Segment Start: Exercise data

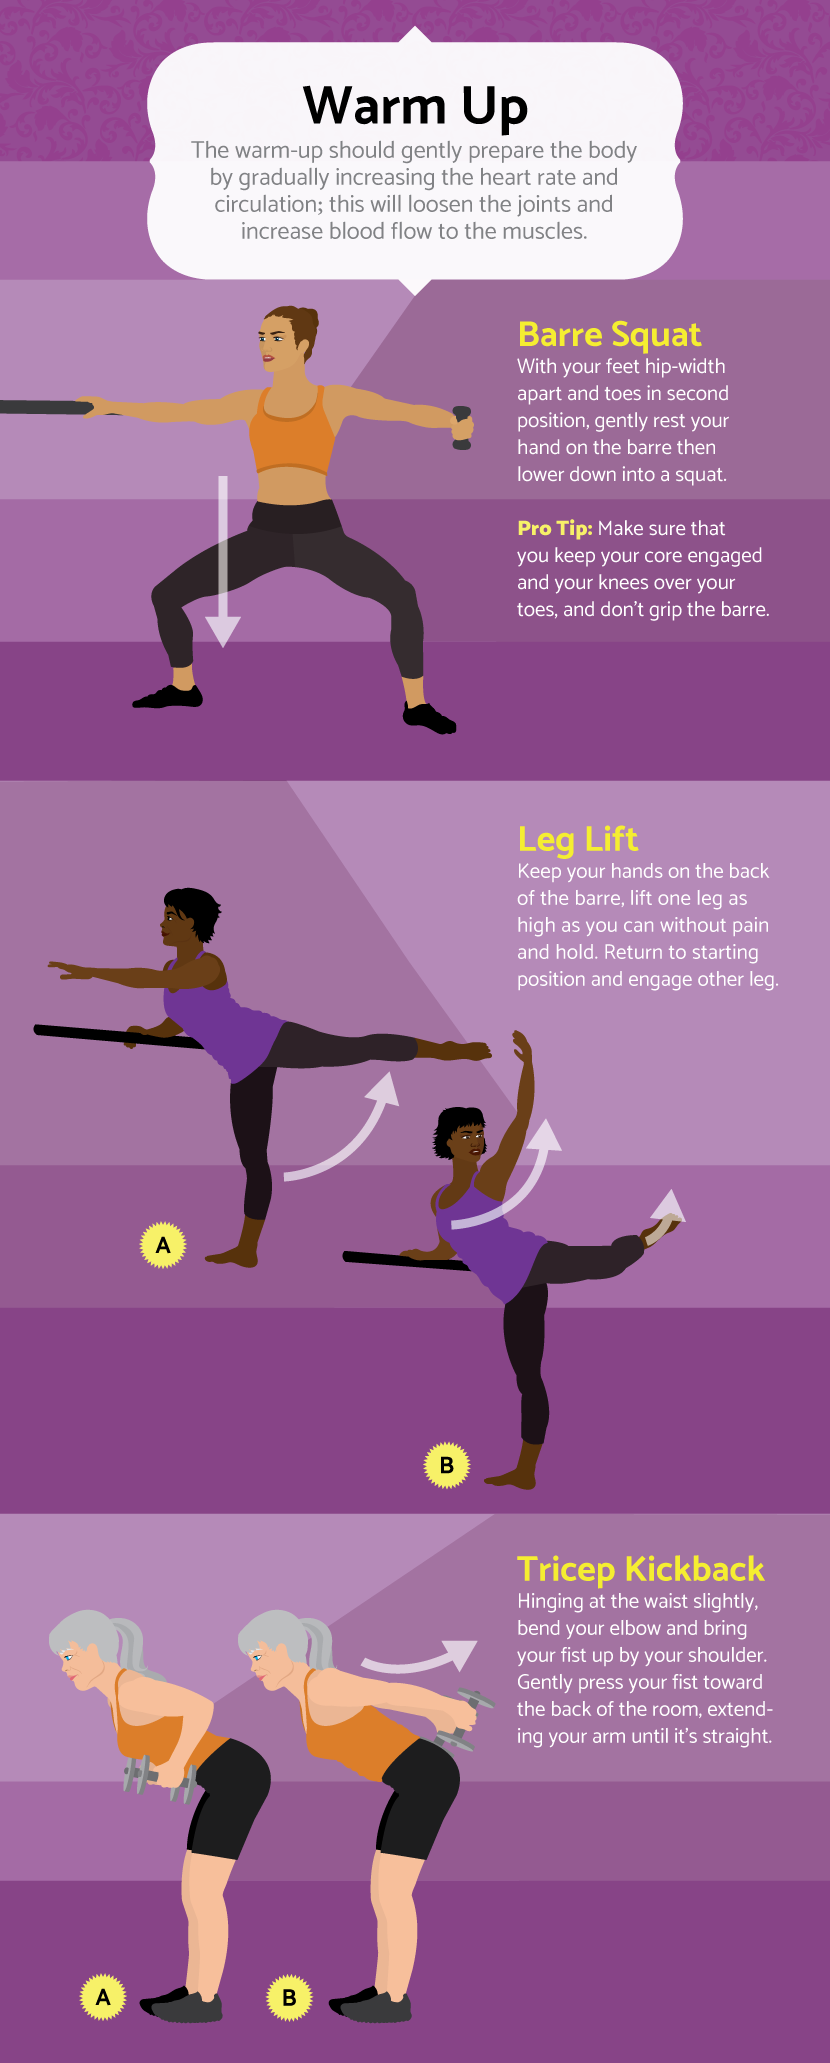 Ballet Barre Fitness: Do Barre Classes Count as Cardio?
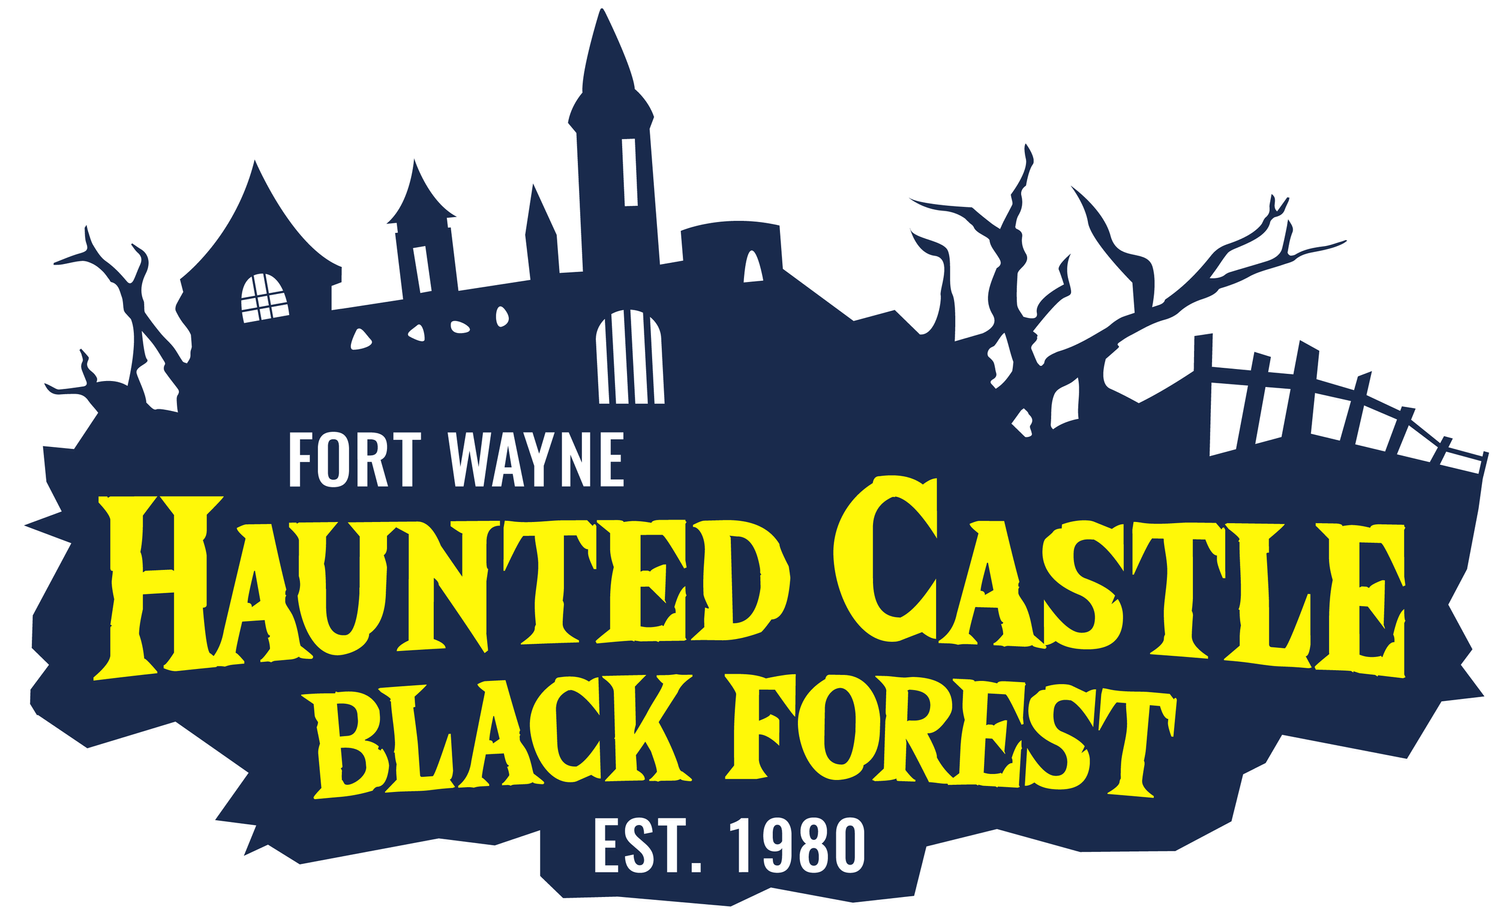 Fort Wayne Haunted Castle and Black Forest
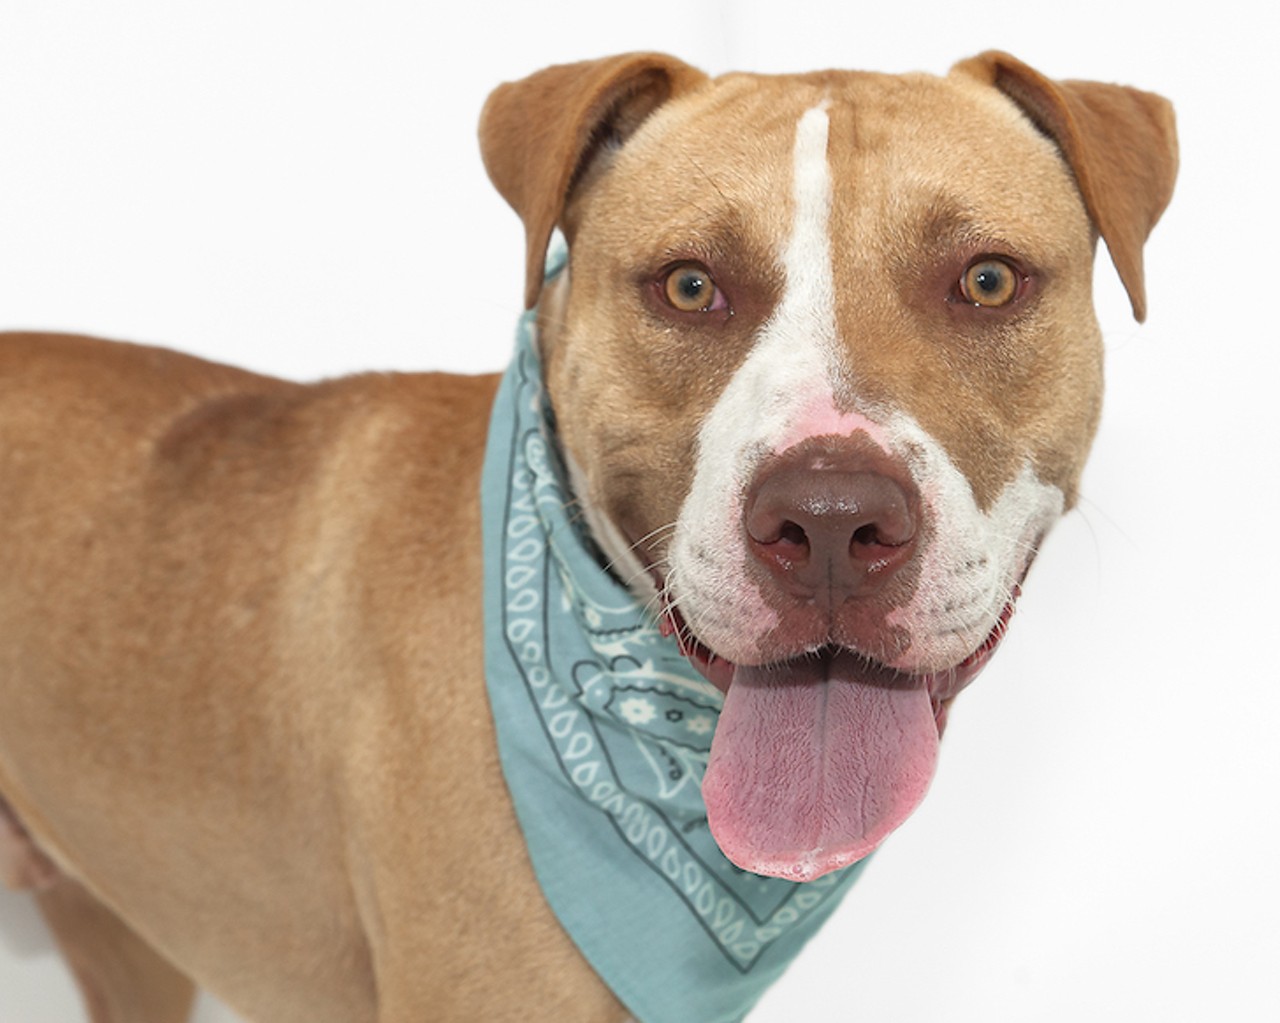 16 adoptable dogs in Orlando any mom would love

Segment End: Exercise data

Task description:
Transcribe the data completely. No pictures should appear in the transcription.

Written solution:
 Ballet Barre Fitness: Do Barre Classes Count as Cardio?
 Fort Wayne Haunted Castle and Black Forest
 16 adoptable dogs in Orlando any mom would love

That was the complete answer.